したがって被告会社らは民法七一九条一項前段に基づき共同不法行為者として原告らの損害につき連帯してその責を負い、また、被告会社ら各自についての個別減免責は許されないと解する。
三 ところで、被告会社らの排煙に由来する硫黄酸化物は本件地域の硫黄酸化物すべてではないこと、本件地域における各測定局における寄与度は図表40のとおりであること等の事実は第五章で認定したところである。そうすると、共同不法行為を認定するについての前記の事情のみならず損害の公平な分担を規定する民法七二二条二項の趣旨等も考慮すると、被告会社らは、原告らの損害につき、その排出物の寄与度に応じた割合の合計部分相当につき責任があると解するのが相当である。すなわち具体的には、本件患者の慰謝料等を(喫煙等につき別記のとおり考慮の上)確定し、これに対し、その発病等時期、最寄りの測定局における二酸化硫黄の寄与度に応じた割合で損害賠償をするのが相当である。なお喫煙、アトピー素因、増悪等についての判断は別途してあるので、右寄与度のほか別途減額する事情はないと解する。

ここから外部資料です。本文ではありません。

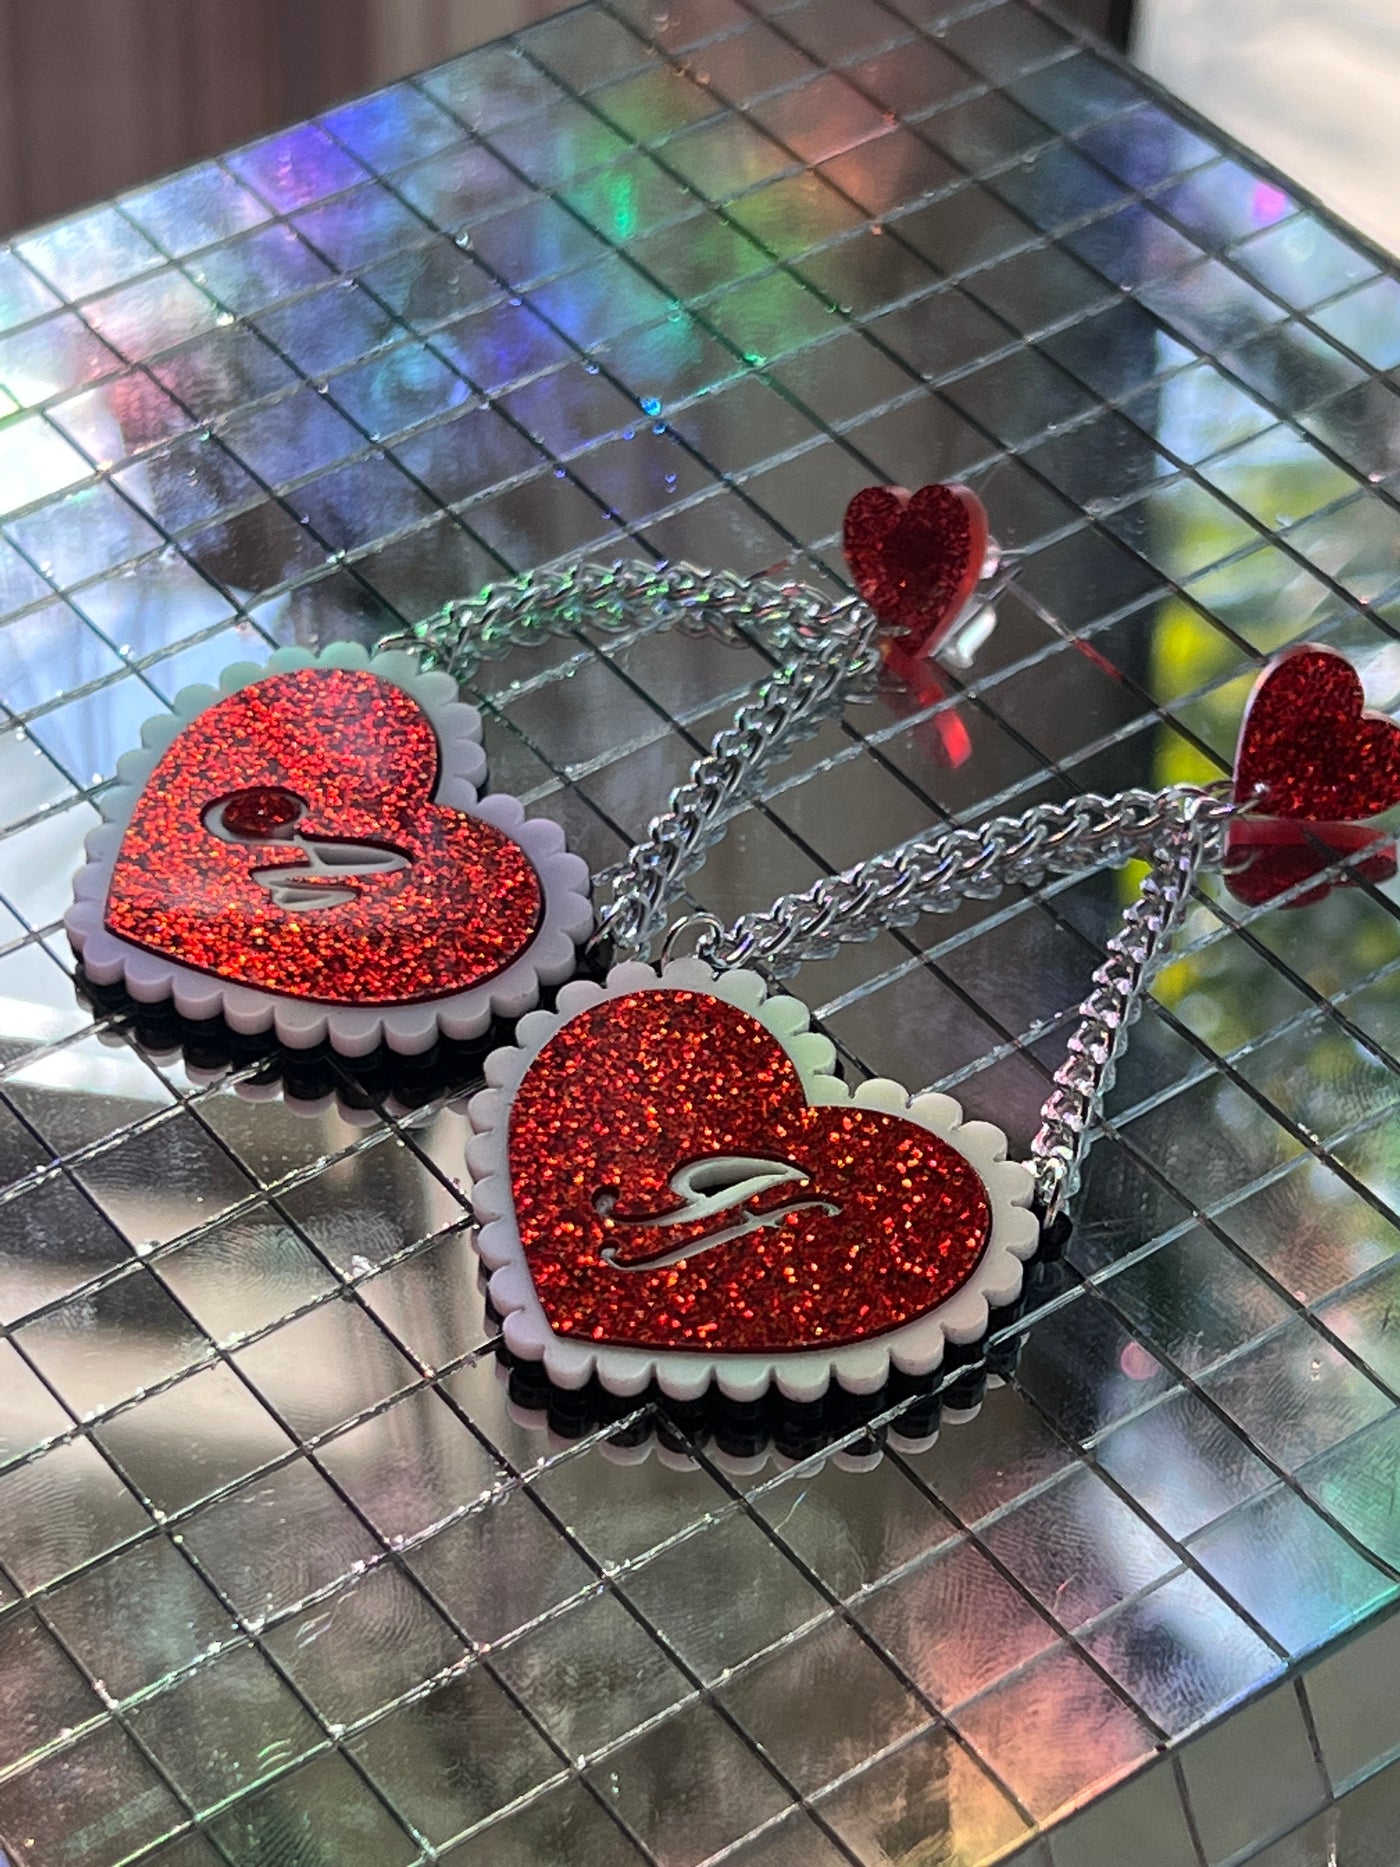 As If Valentine Heart Earrings

ところで図表40は年度単位で昭和四五年度から昭和五〇年度につき判断してあるが、いずれもこれを年単位で昭和四五年発病から昭和五〇年発病につき適用しても格別な差異が生じないと認められるのでこれにより各年に適用することとする。また、本社患者中昭和五一年から昭和五五年までの発病、増悪については、本件地域の一般的な二酸化硫黄の濃度、被告会社らの公害対策の進展からすると、昭和五〇年の数値と格別の差異はないと認められるので右数値によることとする。
次に本件患者中昭和三六年から昭和四四年までの発病、増悪については、従前認定の事実によると、被告会社らが、当該時期においても本件地域において硫黄酸化物を排出していたことは明らかであり(例えば被告会社らの昭和四四年度の硫黄酸化物排出量は昭和四八年度の約二・六三倍を下らない(図表37)。)、また、前記によると、被告会社らの排出した硫黄酸化物等の一部が本件患者らの居住地、勤務地に到達し、本件患者の指定疾病の発病、増悪に影響を与えたこと、被告会社らの当時の高煙突化、燃料対策等の公害対策はまだ不十分であったこと、他方、被告東レ東海工場(前記のとおり昭和四四年操業開始)等まだ建設、操業されていない工場もあったこと、当時は他にも煙源があったところ同所における公害対策が被告会社らの本件各工場以上に進んでいたとは考えられないこと等が認められ、これらの事実を総合すると、右時期における寄与度はおおむね昭和四五年度と同一と認めるのが相当である。したがって右時期の発病等については右数値を用いることとする。
第二被告会社らと被告国の共同不法行為
一 昭和五三年度までの硫黄酸化物による本件患者の発病、増悪については、従前認定したところによると、本件各道路の走行自動車からの排出ガスに由来するものも全くないとはいえない。しかし、前記に判断したとおり(第五章)、右時期の硫黄酸化物中自動車に由来するもの、特にそのうち本件各道路を走行する自動車に由来するものは格別のものを認めることができないのであるから、右時点での硫黄酸化物による本件患者の発病等につき被告国の責任を認めることはできない。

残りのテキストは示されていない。